- Origin: Catalonia, Spain
- Genres: Nova cançó
- Years active: 1961–1968
- Past members: Miquel Porter i Moix; Remei Margarit; Josep Maria Espinàs; Delfí Abella; Francesc Pi de la Serra; Enric Barbat; Xavier Elies; Guillermina Motta; Maria del Carme Girau; Martí Llauradó; Joan Ramon Bonet; Maria Amèlia Pedrerol; Joan Manuel Serrat; Maria del Mar Bonet; Rafael Subirachs; Lluís Llach;

= Els Setze Jutges =

Group of Catalan singer-songwriters

Els Setze Jutges (/ca/, meaning "The Sixteen Judges") was a group of singers in the Catalan language founded in 1961 by Miquel Porter i Moix, Remei Margarit, and Josep Maria Espinàs. The name comes from a well known tongue-twister in the Catalan language: Setze jutges d'un jutjat mengen fetge d'un penjat ("Sixteen judges of a court eat liver off a hangman").

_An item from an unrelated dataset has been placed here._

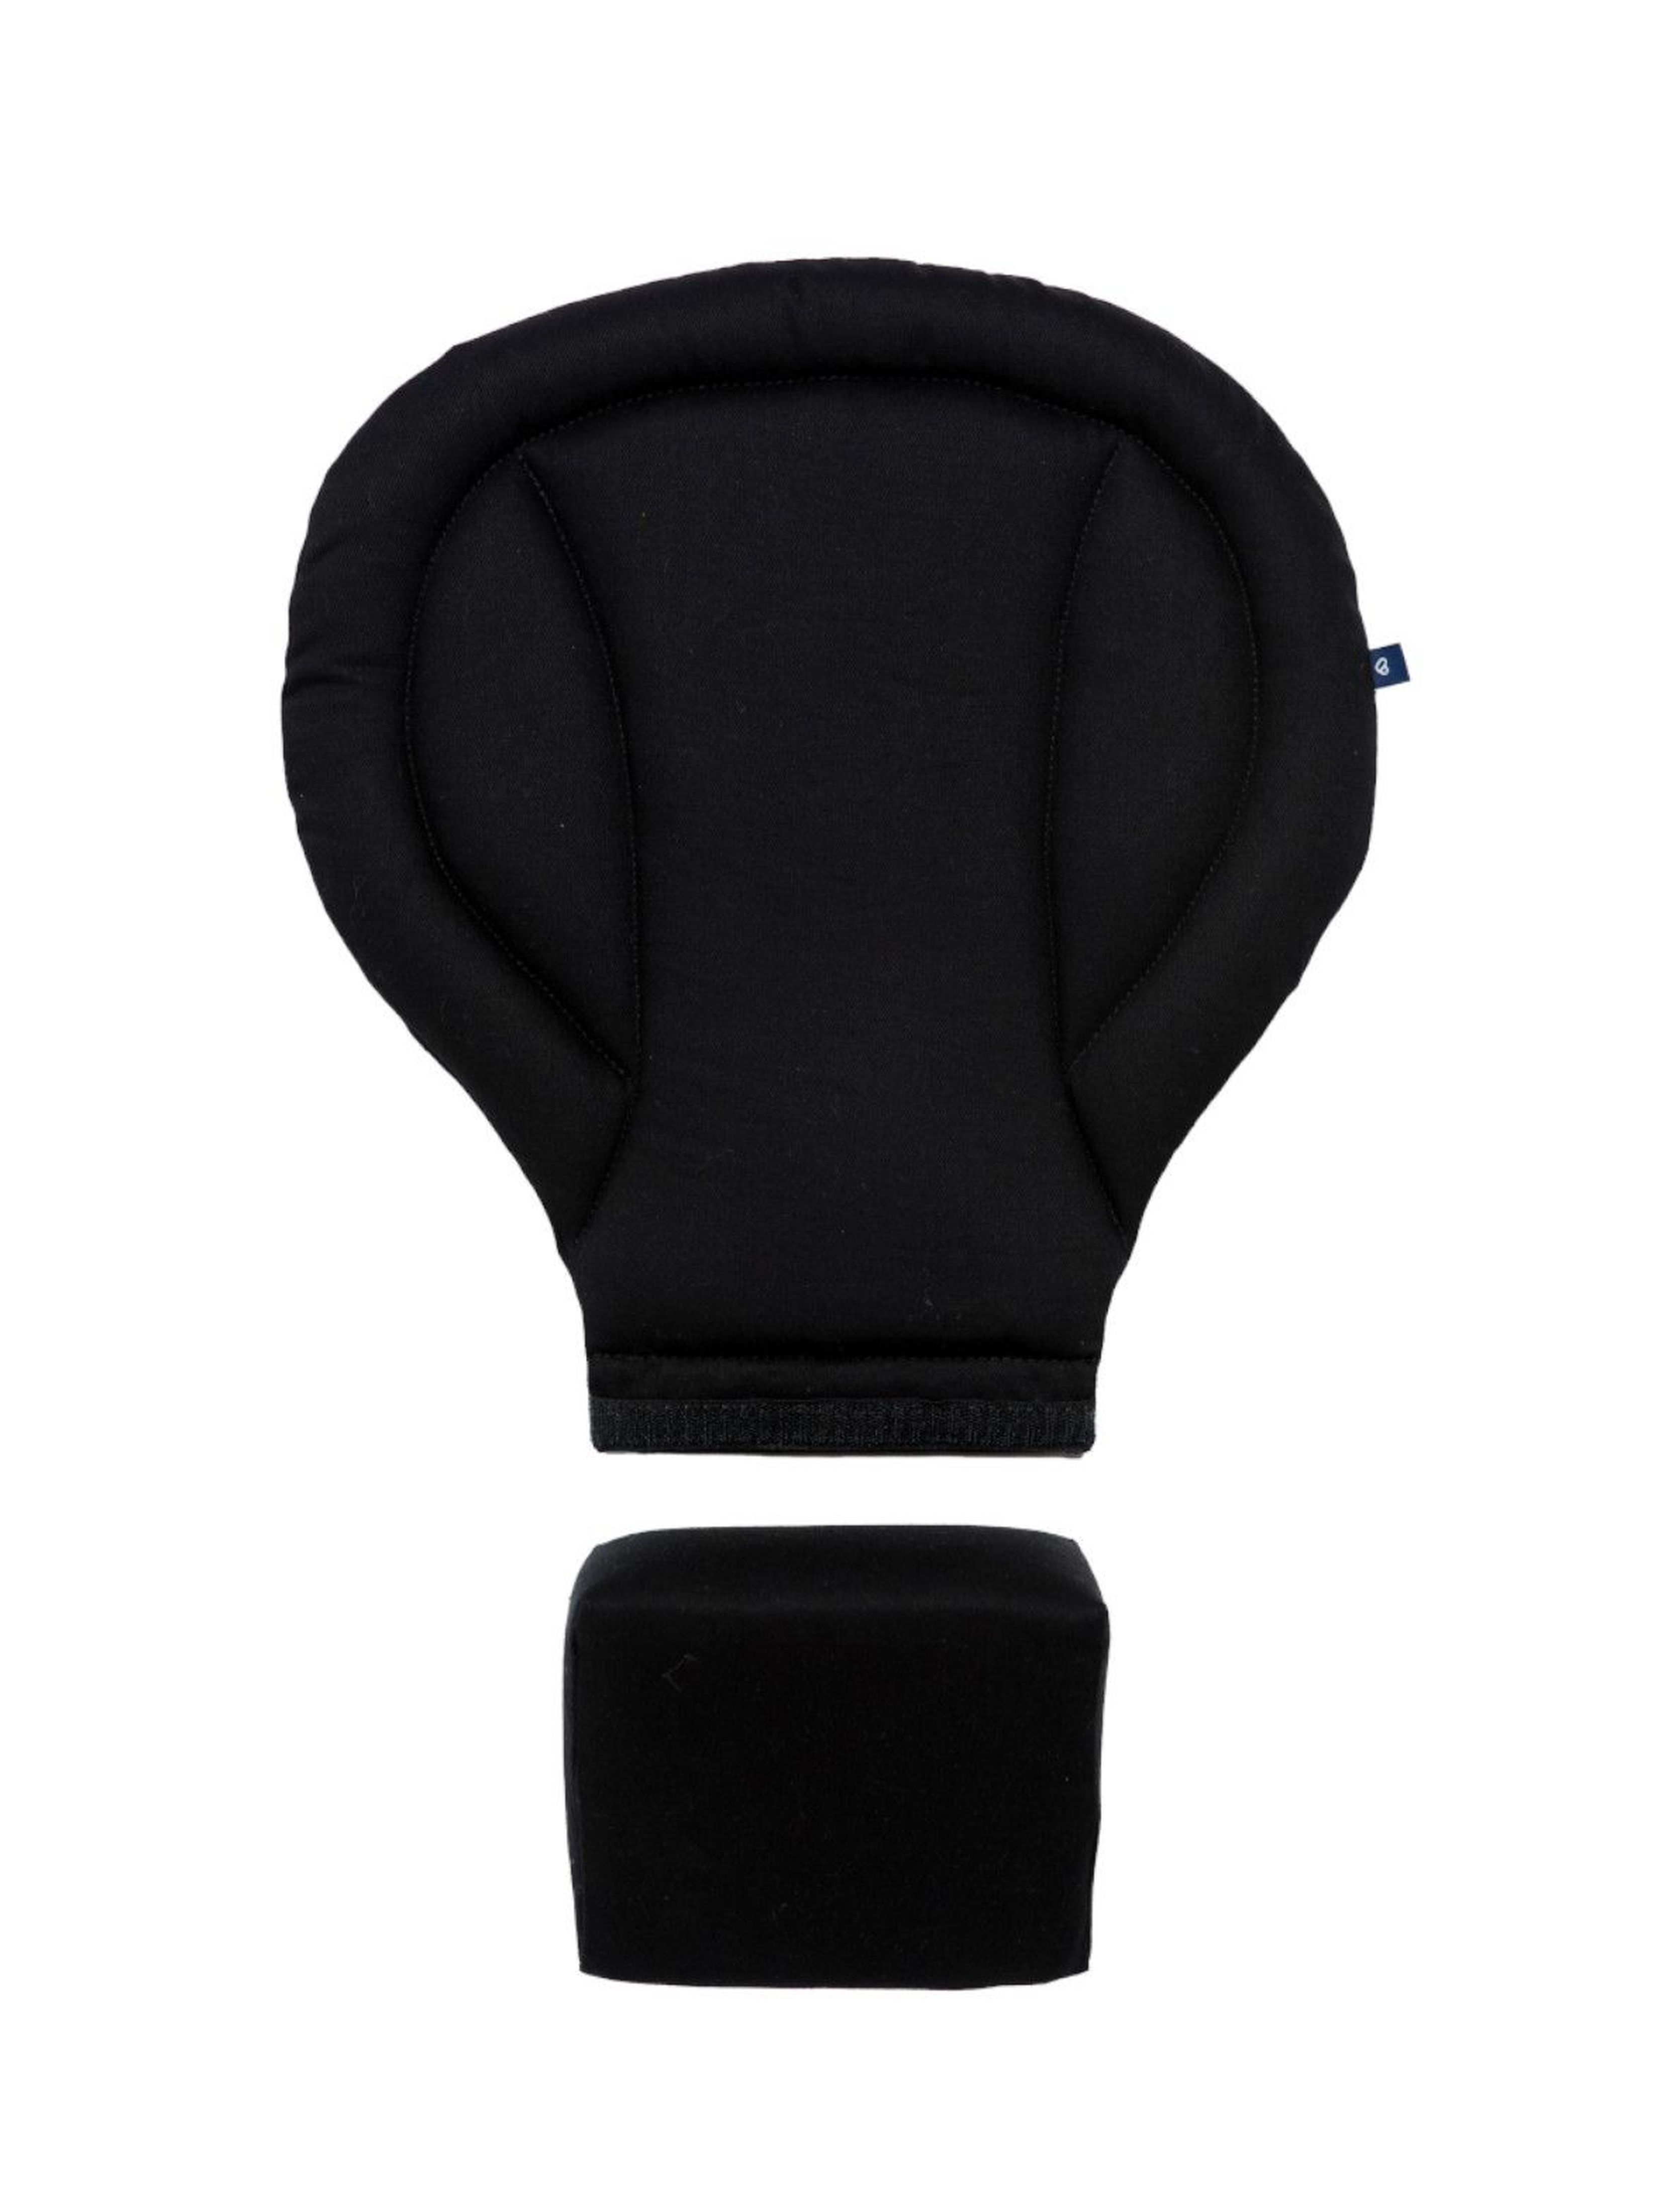 Wkładka Zaffiro do nosidełka ergonomicznego

The mission of the group was to promote the Nova Cançó movement and to normalize the use of Catalan in the world of modern music. They started out singing their own songs and Catalan versions of songs by French singers, especially Georges Brassens. From the original three members, the circle grew to sixteen: Delfí Abella, Francesc Pi de la Serra, Enric Barbat, Xavier Elies, Guillermina Motta, Maria del Carme Girau, Martí Llauradó, Maria Amèlia Pedrerol, Joan Ramon Bonet, Joan Manuel Serrat, Maria del Mar Bonet, Lluís Llach, and Rafael Subirachs.

Els Setze Jutges began to dissolve at the end of the dictatorship and with the progressive professionalization of some of the group's members. With the appearance of professional Catalan-language singers, many of the group's earlier members, such as Miquel Porter i Moix and Josep Maria Espinàs, decided to retire from music. By the time the group ceased to exist in 1968, several of its members – most notably Serrat, but also Llach, Maria del Mar Bonet, Pi de la Serra, Barbat, Motta and Subirachs – had begun to enjoy success as individual musicians.

On 13 April 2007, the group of singers received the Medal of Honor of the Parliament of Catalonia, in recognition of their work in favor of Catalan culture and language during the dictatorship. However, Maria del Mar Bonet used the occasion to criticize the lack of promotion of Catalan-language songs in the media during the three decades since the Spanish transition to democracy, and Guillermina Motta declined to attend the ceremony, objecting that the distinction was awarded too late, when two of the sixteen had already died: Miquel Porter in 2004 and Delfí Abella in February 2007.